Postby farmerjan » Fri Feb 16, 2018 9:56 pm

Thank you for posting that. Yes we do tend to focus on the "bad things" and sometimes take for granted the good things.
My "lone" longhorn cow that I bought at a sale for $500 with her calf a year or so ago, just had a dead calf. Looks like it was born dead. Brought her in the barn and was going to try a new bottle calf I had just gotten on her. But I also had a nearly 3 week old bottle calf there and as we brought the cow around to go through that pen to the alley, the 3 week calf latched onto to her and said YOU ARE MY MOMMA. Followed the cow right into the small catch pen and just went to sucking. The cow is fairly quiet and she just stood there and ate the grain we had given her. Put water in a tub and they are together. In another 2-3 days, I will turn them out if she continues to accept the calf. So although I salvaged the cow, I was thankful for little successes like that one.

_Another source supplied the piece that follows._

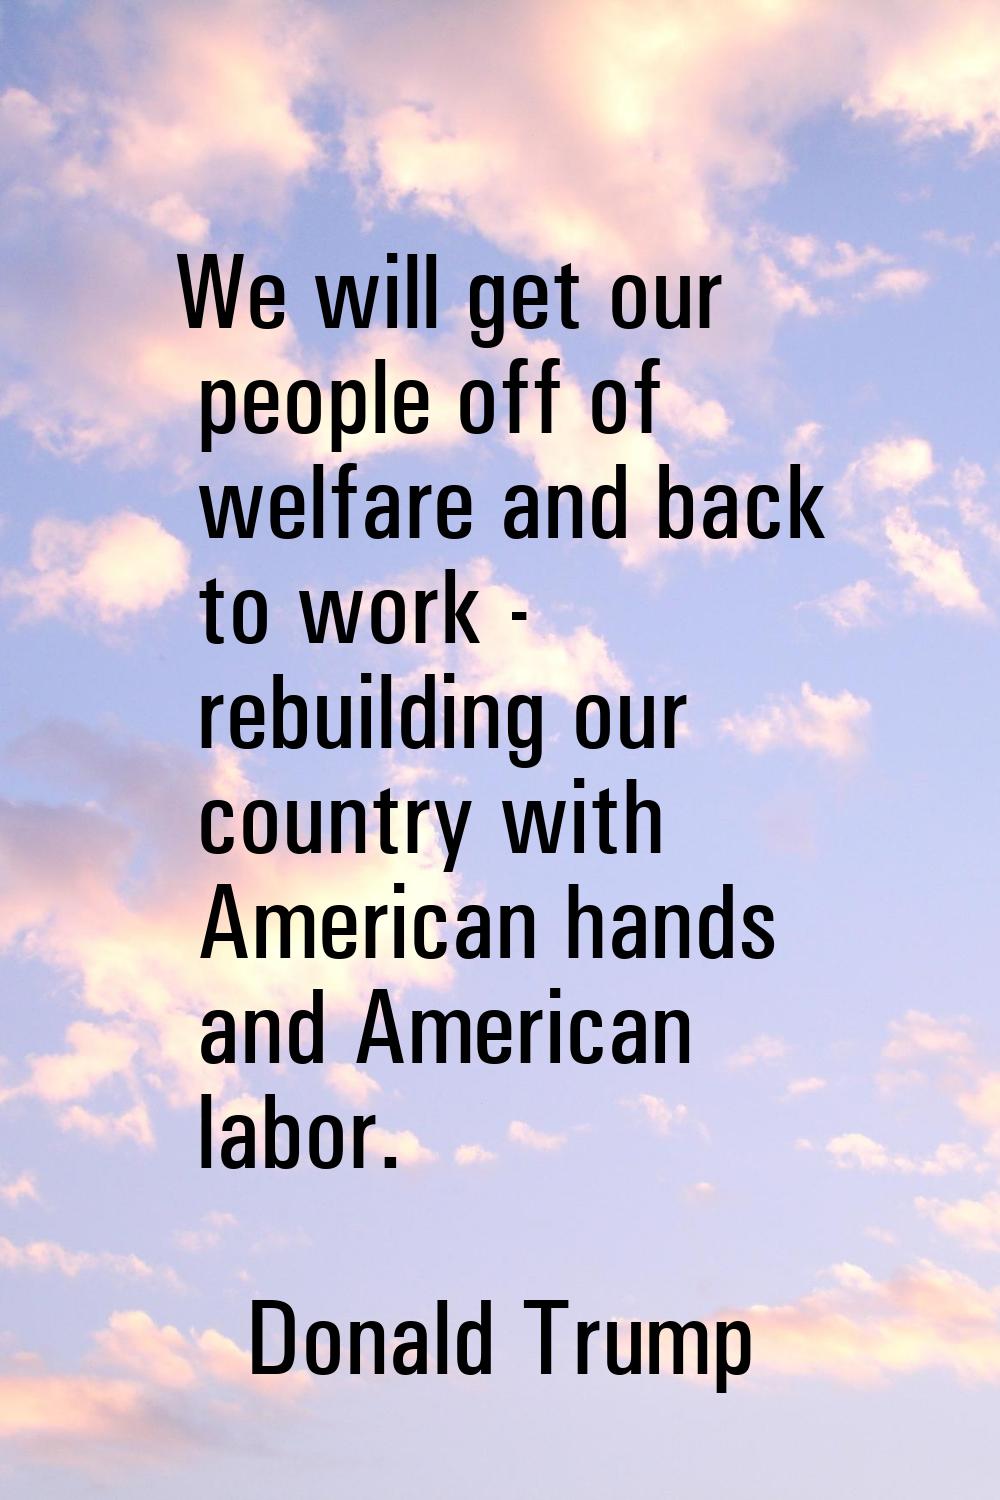 We will get our people off of welfare and back to work - rebuilding our country with American hands

I also had gotten a "new to me" jersey to use as a nurse cow. She fit in pretty good and learned the routine and was pretty accepting of the calves. After about 6 weeks, she started to get very slow acting and found that the quarter that had mastitis and was not functional, burst and she must have gotten a real blood infection into her system. Before we could do more than get the first round of antibiotics into her, she died. Vet said her age was against her, and that it might have been in her system longer than we realized by the time it burst open. So here I am with 3 calves and no momma. My other nurse cow with older calves came in the same pen and when I let her in, the 3 "littler" calves went on her and she readily stood there. So I delayed letting the 3 older calves in until the 3 smaller ones got their fill. So the tragedy of losing the one cow has a small silver lining that the other cow will be doing a second round of duty with these smaller calves. I did lose one of the calves but the other 2 are doing good and I do not have to bottle feed so many.

It hurts to lose one, and sometimes there is nothing you can do. I am sorry you lost both the cow and the et calf.